Postoperative wound infection may be accompanied by severe, persistent, and recurrent inflammation . According to our results, there was no statistically significant difference in the contents of white blood cells, lymphocytes, neutrophils and CRP between the CPSP group and the non-CPSP group after surgery, but this may be related to the fact that we only routinely rechecked relevant biochemical indicators on the first day postoperatively. After discharge, some patients would suffer from out-of-hospital wound infection due to improper nursing or pleural effusion. However, due to the defects of retrospective study, we could not obtain relevant data comprehensively.

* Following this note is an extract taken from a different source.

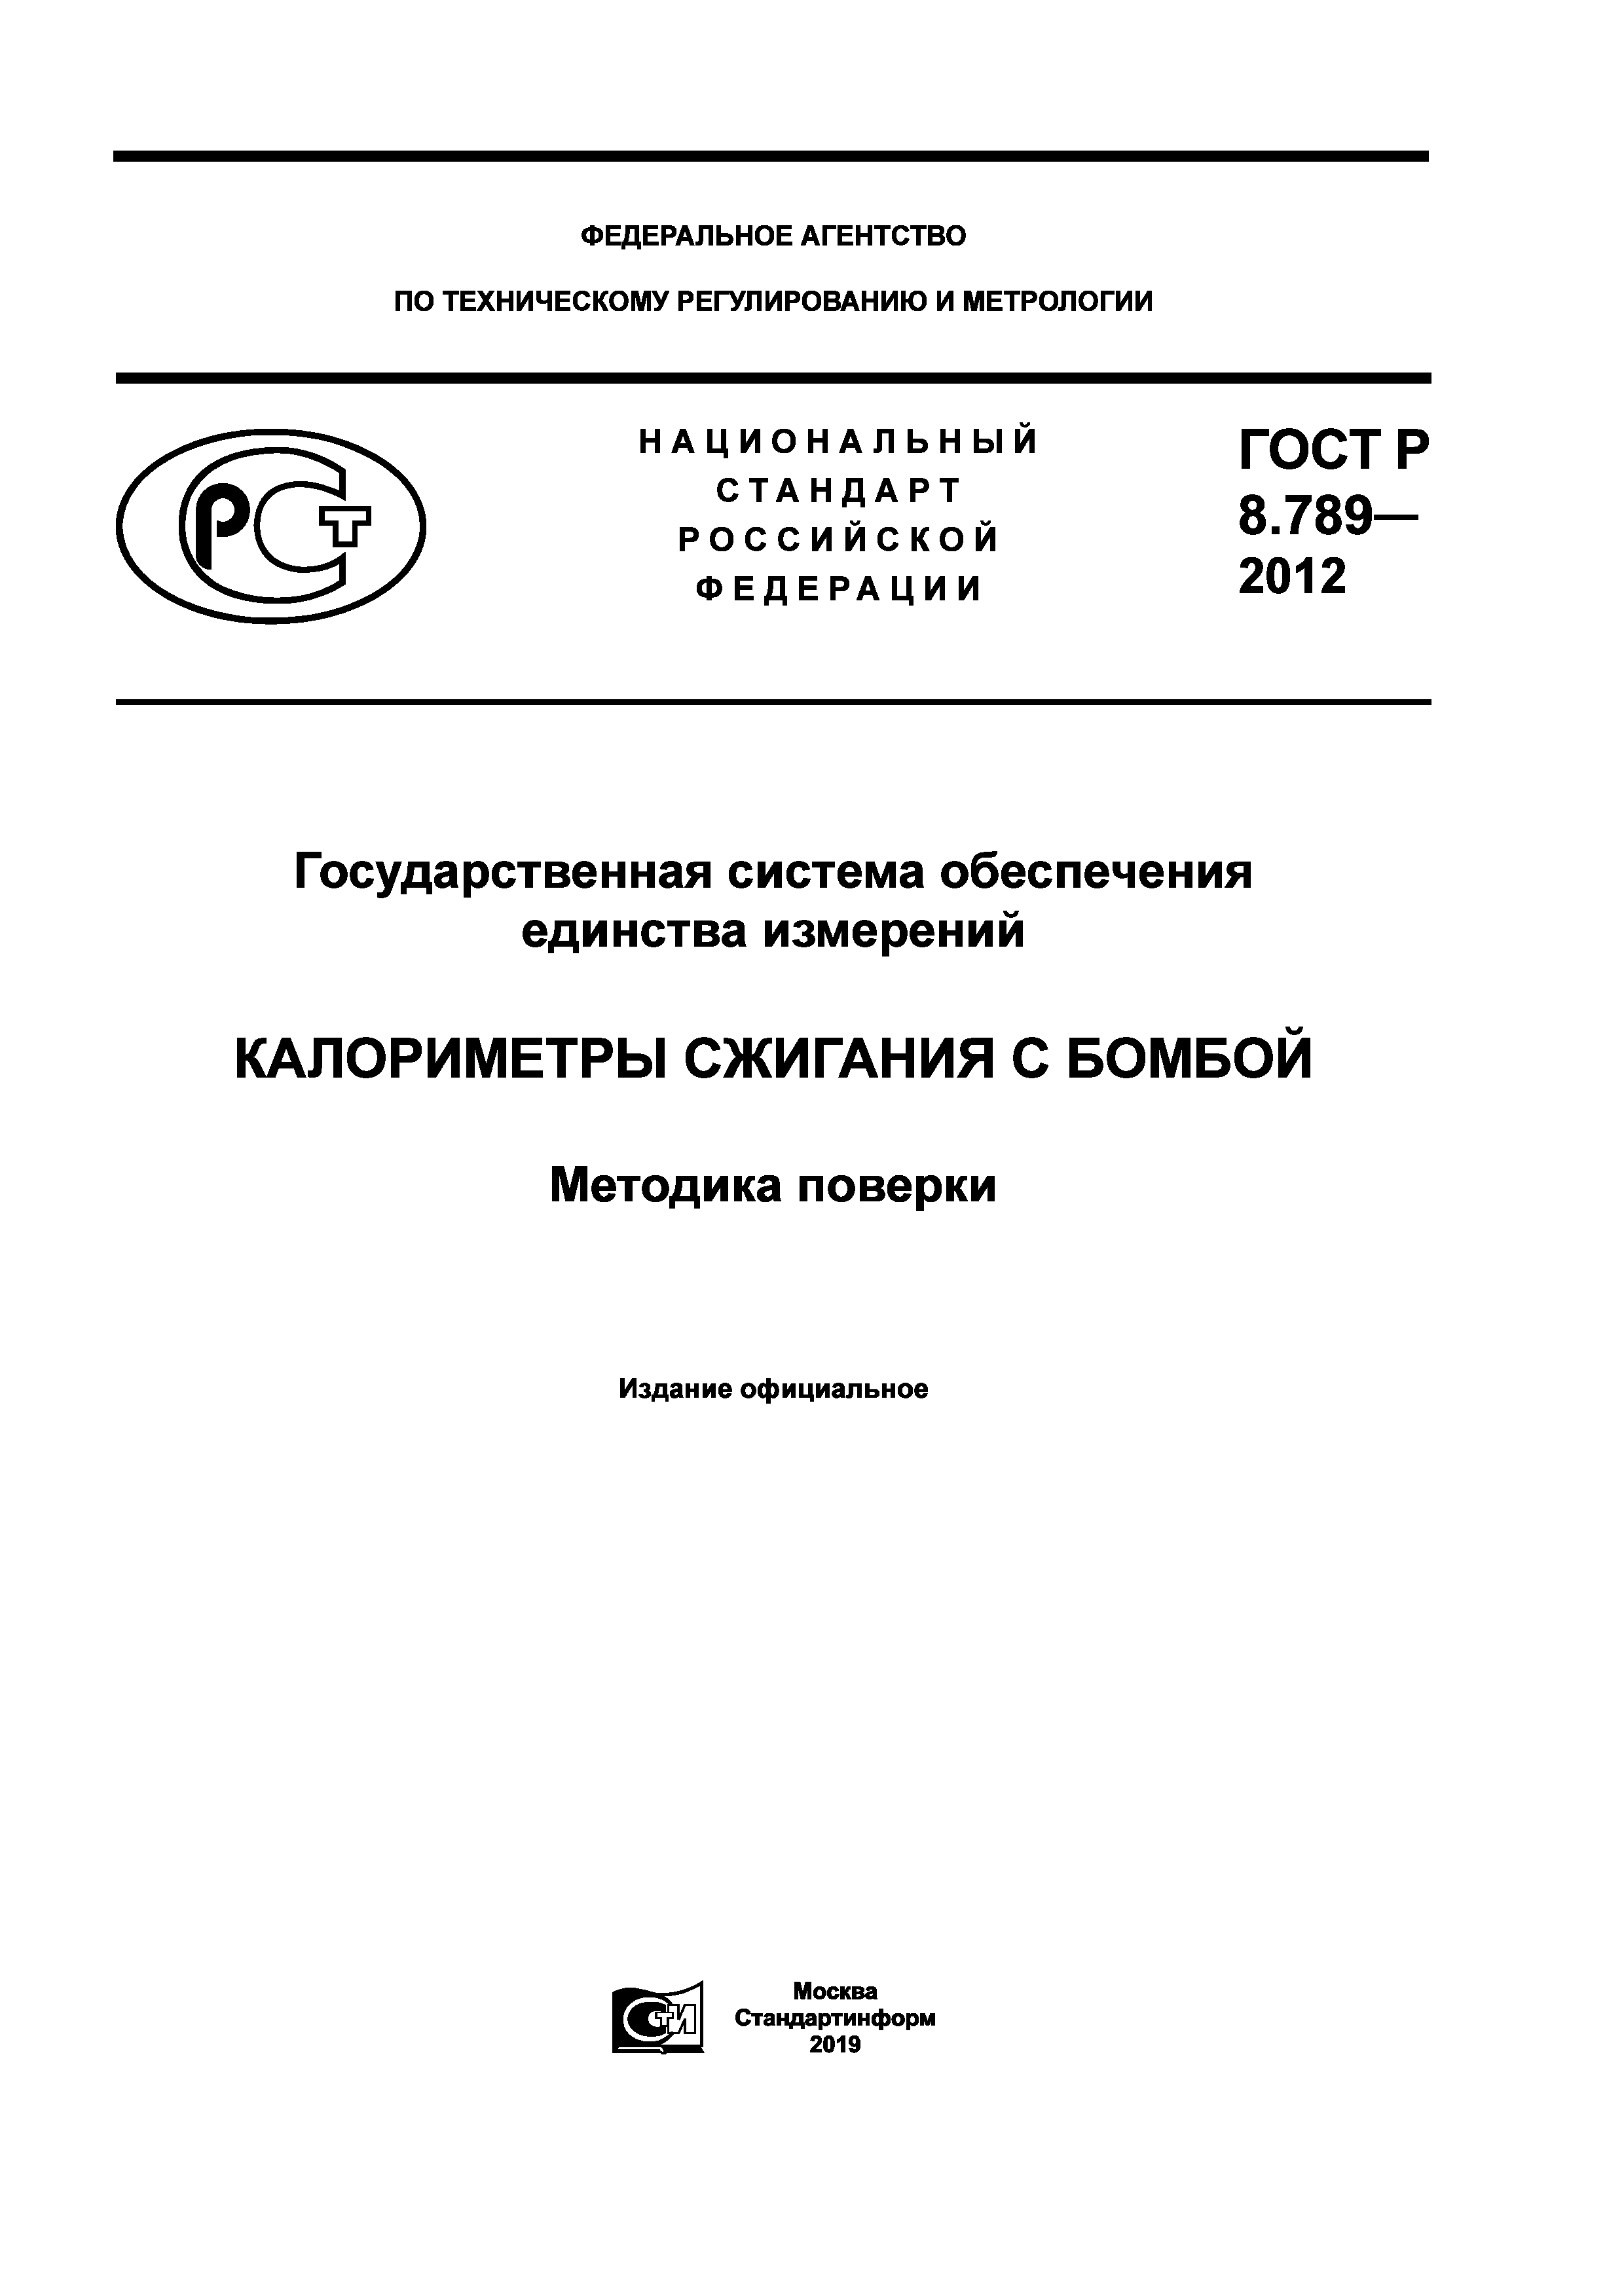 ГОСТ Р 8.789-2012

In addition, we identified a statistically significant relationship between postoperative subcutaneous emphysema of chest wall and the incidence of CPSP. We diagnosed patients with subcutaneous emphysema of chest wall based on the results of chest radiography (chest computed tomography or chest X-ray) during their postoperative hospitalization. No related literature has been found to prove that subcutaneous emphysema of chest wall is directly related to CPSP. The common causes of subcutaneous emphysema after surgery are leakage of lung tissue and inadequate thoracic drainage . When a patient develops subcutaneous emphysema, the surgeon will extend the indwelling time of the drainage tube or even re-place the thoracic drainage tube after ruling out other causes. The prolonged indwelling time and replacement of thoracic drainage tube may be the possible cause of the increased incidence of CPSP . Since it is the first time an association between subcutaneous emphysema and chronic pain has been found, stronger evidence is needed and the detailed mechanism of the association needs to be further explored. However, this finding reminds us of the importance of patency of postoperative thoracic drainage.

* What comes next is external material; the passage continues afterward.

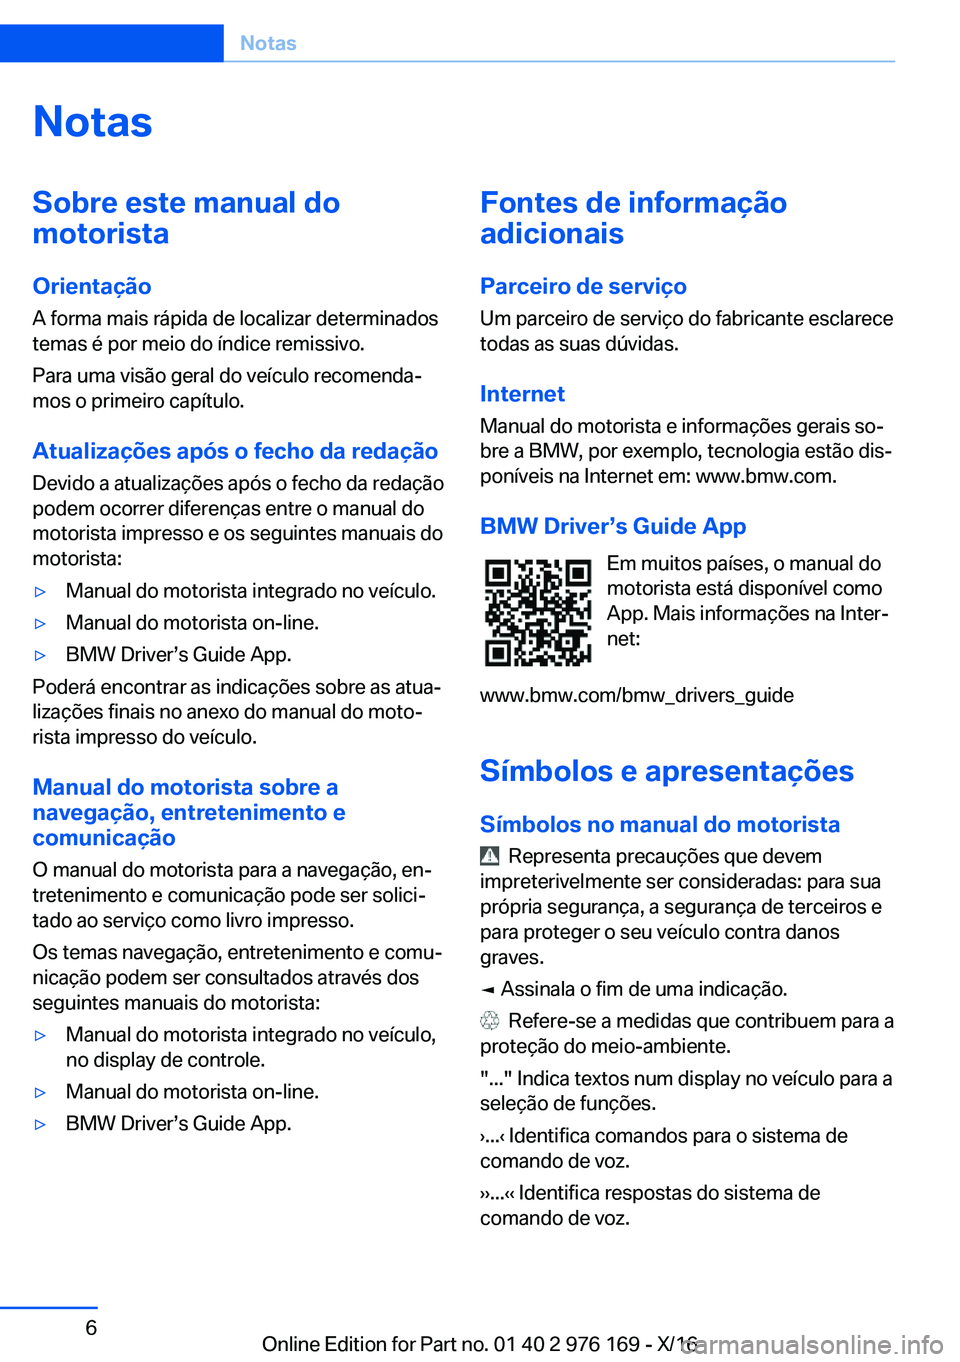 BMW X5 M 2017  Manual do condutor (in Portuguese) �N�o�t�a�s�S�o�b�r�e��e�s�t�e��m�a�n�u�a�l��d�o
�m�o�t�o�r�i�s�t�a
�O�r�i�e�n�t�a�

Our study has strengths, including the large sample size and comprehensive range of risk factors collection. However, the results should still be interpreted cautiously for several reasons. First, although we collected relevant data as comprehensive as possible, some potential predictors of CPSP remain missed. Information such as psychological status, the detailed postoperative acute pain score, and prolonged chest tube drainage should be included in future prospective study. And we speculated that the addition of these data may increase the area under the receiver operating characteristic curve. Second, since the incidence of CPSP decreased over time , the reported incidence of CPSP of our study may be still underestimated because of the long follow-up time span. Third, for the data collected from in a single institution, the results may be influenced by the selection bias.